Research

September 21, 2011

Transformative NIH grant targets lung cancer recurrence


Shuming Nie

If a tumor is more visible and easier to distinguish from surrounding tissues, surgeons will be more likely to be able to remove it completely. That's the rationale behind a new $7 million, five-year "transformative" grant from the National Institutes of Health to a team of researchers from Emory, Georgia Tech and the University of Pennsylvania's Perelman School of Medicine.

The grant is part of the NIH Director's Awards Program funded by the NIH Common Fund.

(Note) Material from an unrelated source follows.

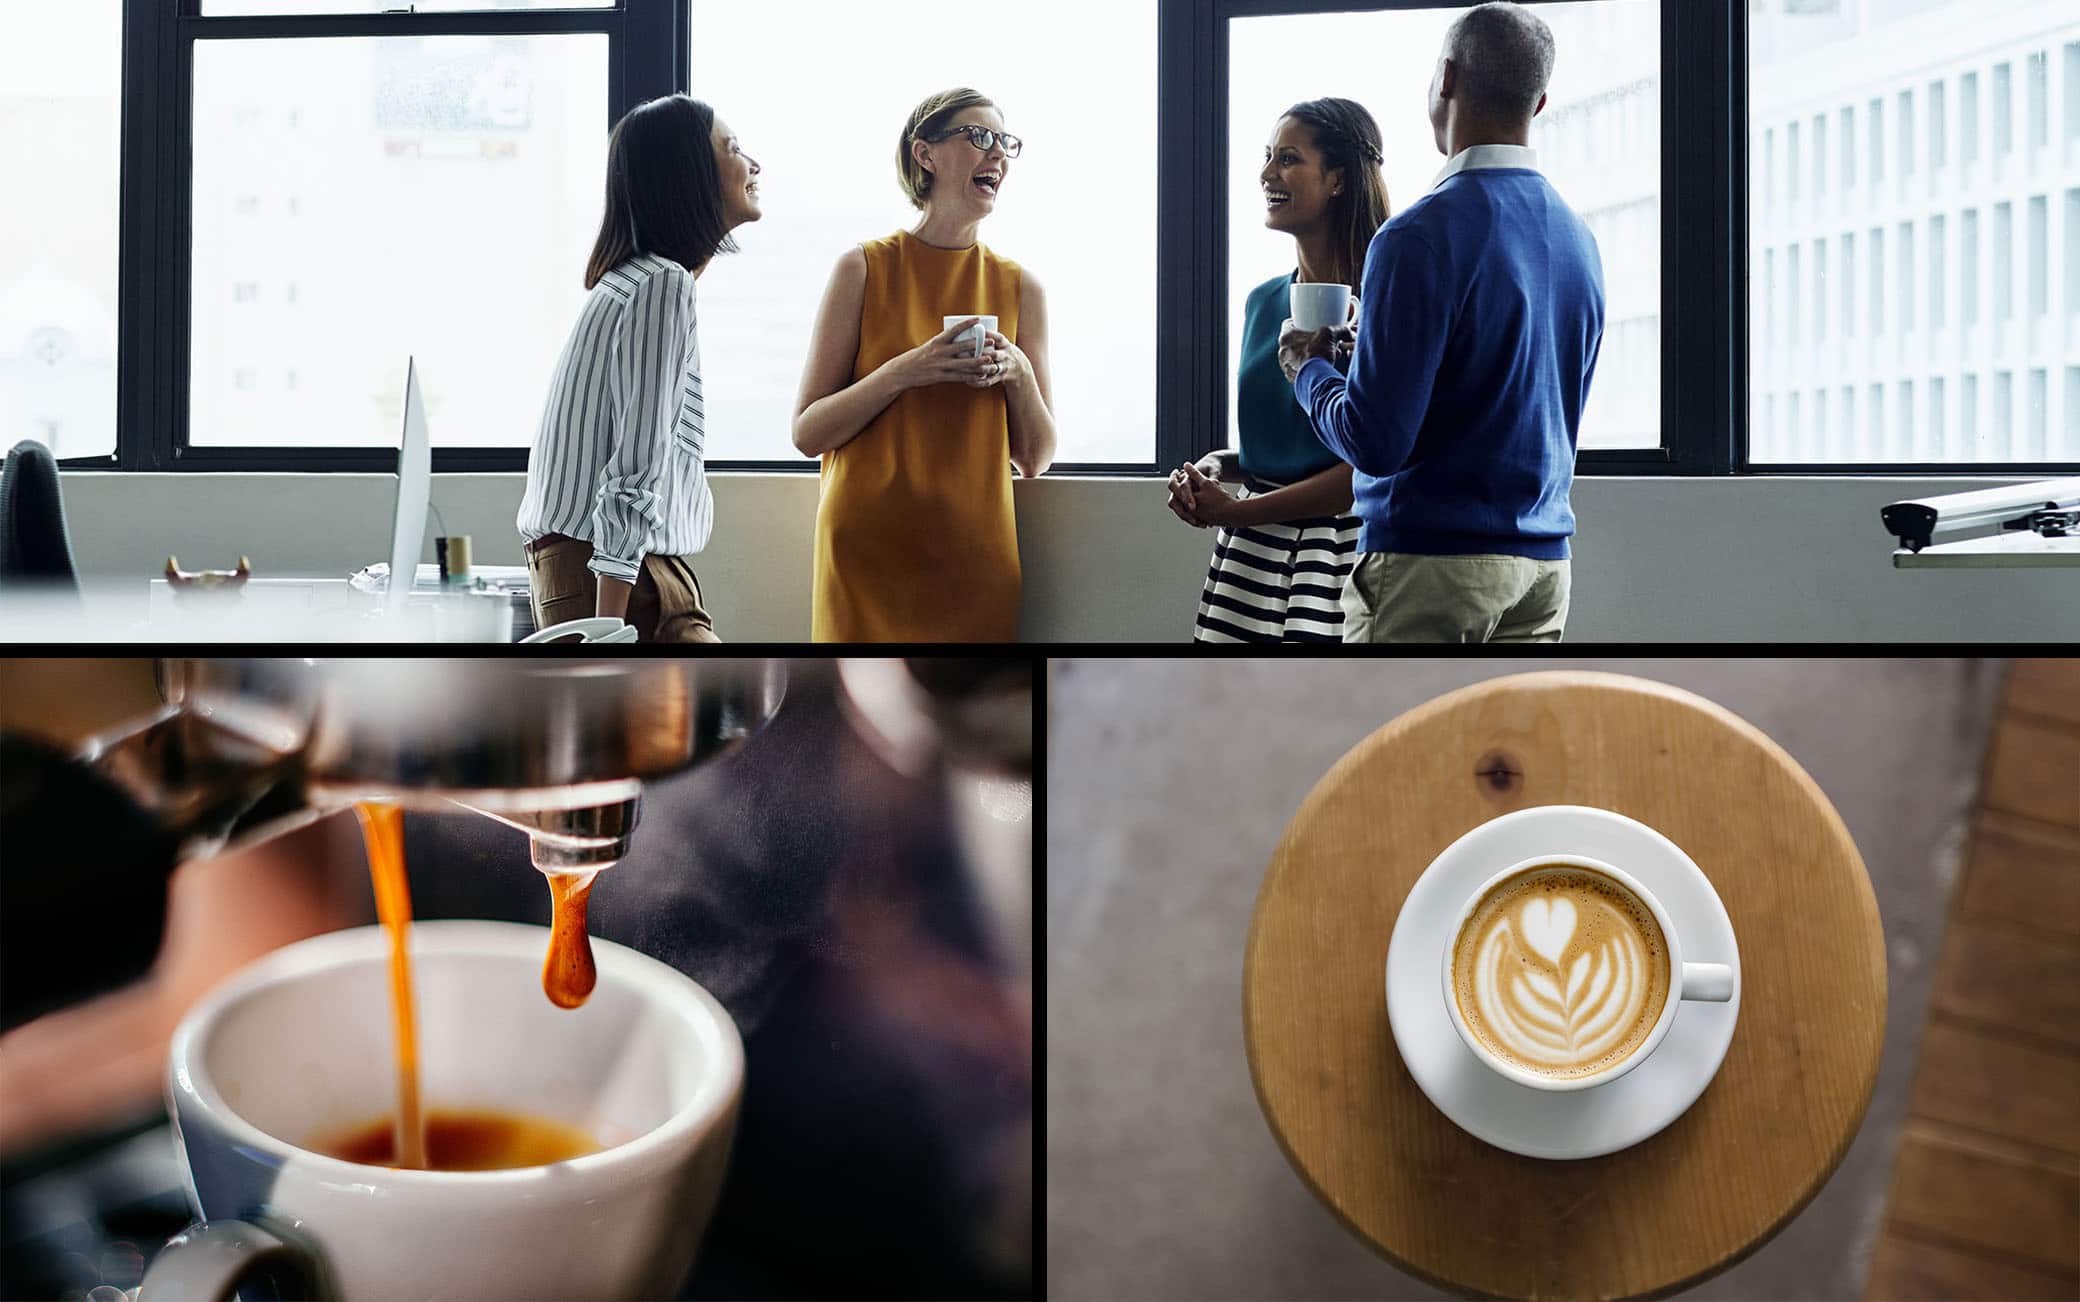 Assapora il Caffè Americano da Nespresso, Che tu sia al lavoro, o nel bel  mezzo di una meritata pausa, puoi contare su un caffè Nespresso  dall'accentuata lunghezza per tenerti compagnia

Shuming Nie and his colleagues at the Emory-Georgia Tech Nanotechnology Center for Personalized and Predictive Oncology have been developing fluorescent nanoparticle probes that home in on cancer cells. The grant will support the team's continuing work on the nanoparticles and instruments that visualize them for cancer detection during surgery.

The project team includes May Wang, director of biocomputing and bioinformatics at the Nanotechnology Center and Sunil Singhal, director of the Thoracic Surgery Research Laboratory at the Perelman School of Medicine. Nie is a professor and Wang is associate professor in the Wallace H. Coulter Department of Biomedical Engineering at Georgia Tech and Emory University.

"At present, a significant group of patients who undergo surgery leave the operating room without a complete resection due to missed lesions," Nie says. "Our main goals are to help surgeons distinguish tumor margins, identify diseased lymph nodes and micrometastases, and to determine if the tumor has been completely removed. Having these capabilities can be expected to make a major impact in reducing recurrence rates of lung cancer after surgery."

The grant includes plans for tests of the nanoparticles and cancer detection instruments on dogs with naturally occurring lung tumors and a first-in-human clinical trial for patients with lung cancer at the University of Pennsylvania.

Nie and his colleagues have developed a hand-held device called a SpectroPen that can detect the two types of agents for detecting cancer: a fluorescent dye and gold particles.

The award was one of 17 granted this year through the NIH Director's Transformative Research Projects Program (T-R01), which was created to nurture innovative ideas that have the potential to advance fields and speed the translation of research into improved health for the American public.

Grant for tissue regeneration

Another T-RO1 grant, for $2 million over five years, was awarded to Todd McDevitt, director of the Stem Cell Engineering Center at Georgia Tech and an associate professor in the Wallace H. Coulter Department of Biomedical Engineering at Georgia Tech and Emory, along with Coulter associate professor Johnna Temenoff, and Woodruff School of Mechanical Engineering professor Robert Guldberg. The grant will support the development of tissue regeneration therapeutics for traumatic injuries and degenerative diseases.

"The NIH Director's Award programs reinvigorate the biomedical work force by providing unique opportunities to conduct research that is neither incremental nor conventional," says James M. Anderson, director of the Division of Program Coordination, Planning and Strategic Initiatives, at NIH. "The awards are intended to catalyze giant leaps forward for any area of biomedical research, allowing investigators to go in entirely new directions."